● PROBLEM DESCRIPTION
With the exception of the pictures, transcribe the entire listing exactly.

● INFORMATION PROVIDED
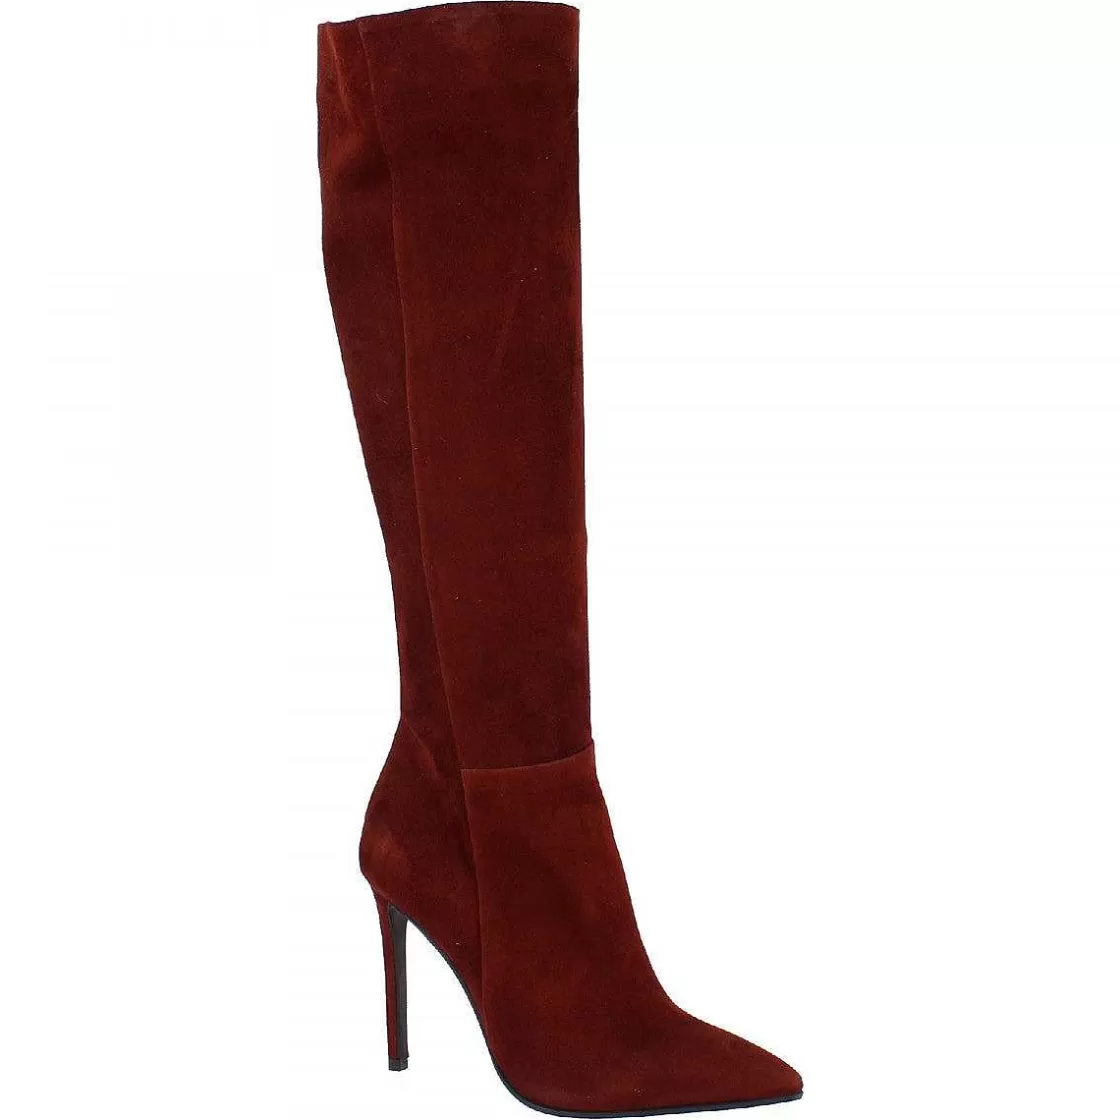 Leonardo Handmade Women'S Pointed Toe Stiletto Heel Knee High Boots In Burgundy Suede Leather Cheap
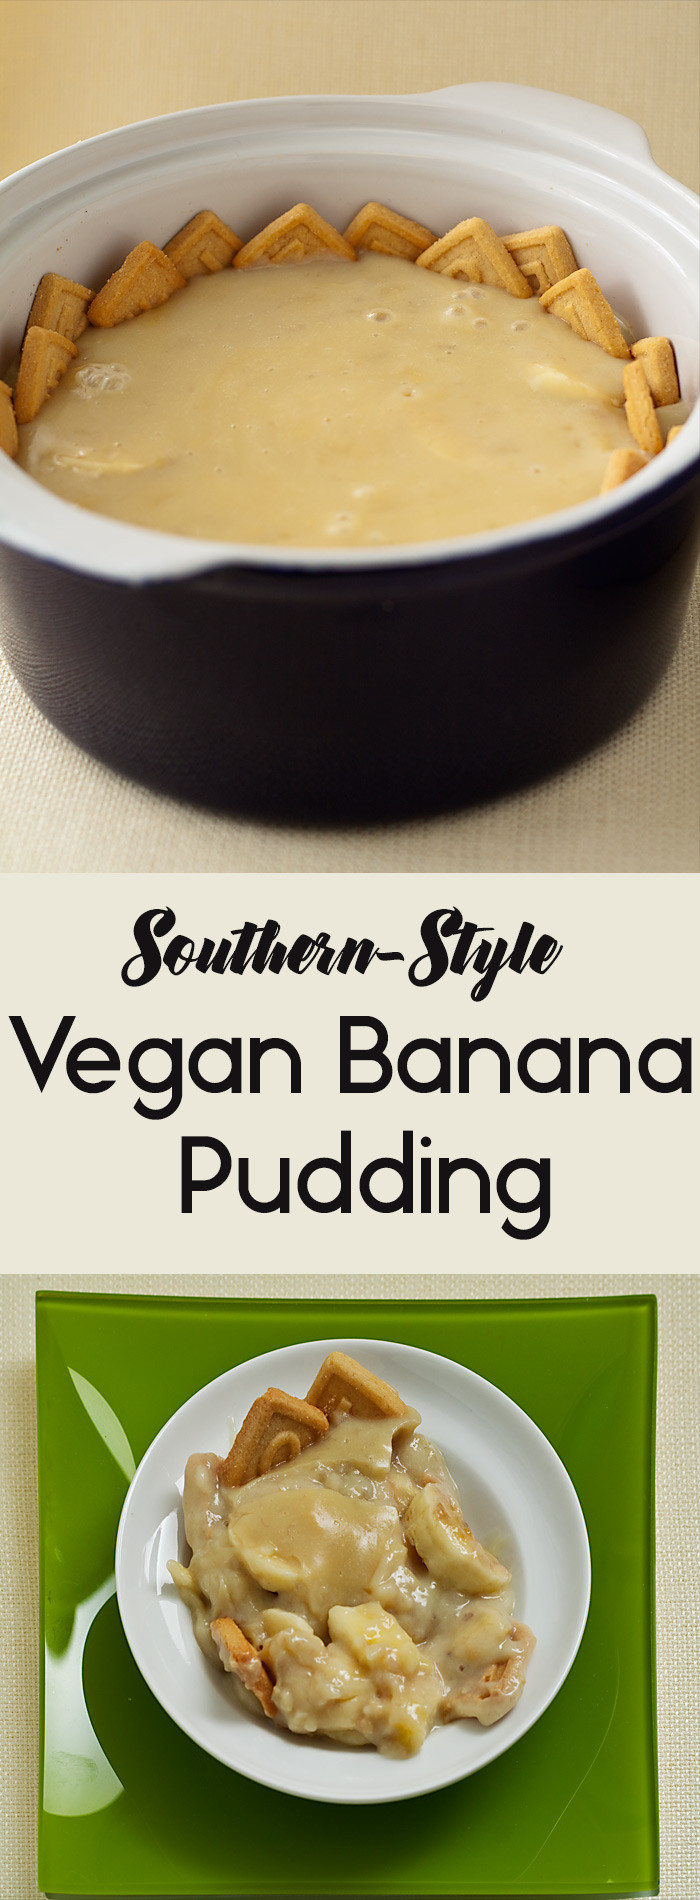 Vegan Puddings Recipes
 Southern Style Vegan Banana Pudding

● OUTPUT OF THE EXERCISE
 Leonardo Handmade Women'S Pointed Toe Stiletto Heel Knee High Boots In Burgundy Suede Leather Cheap
 Vegan Puddings Recipes
 Southern Style Vegan Banana Pudding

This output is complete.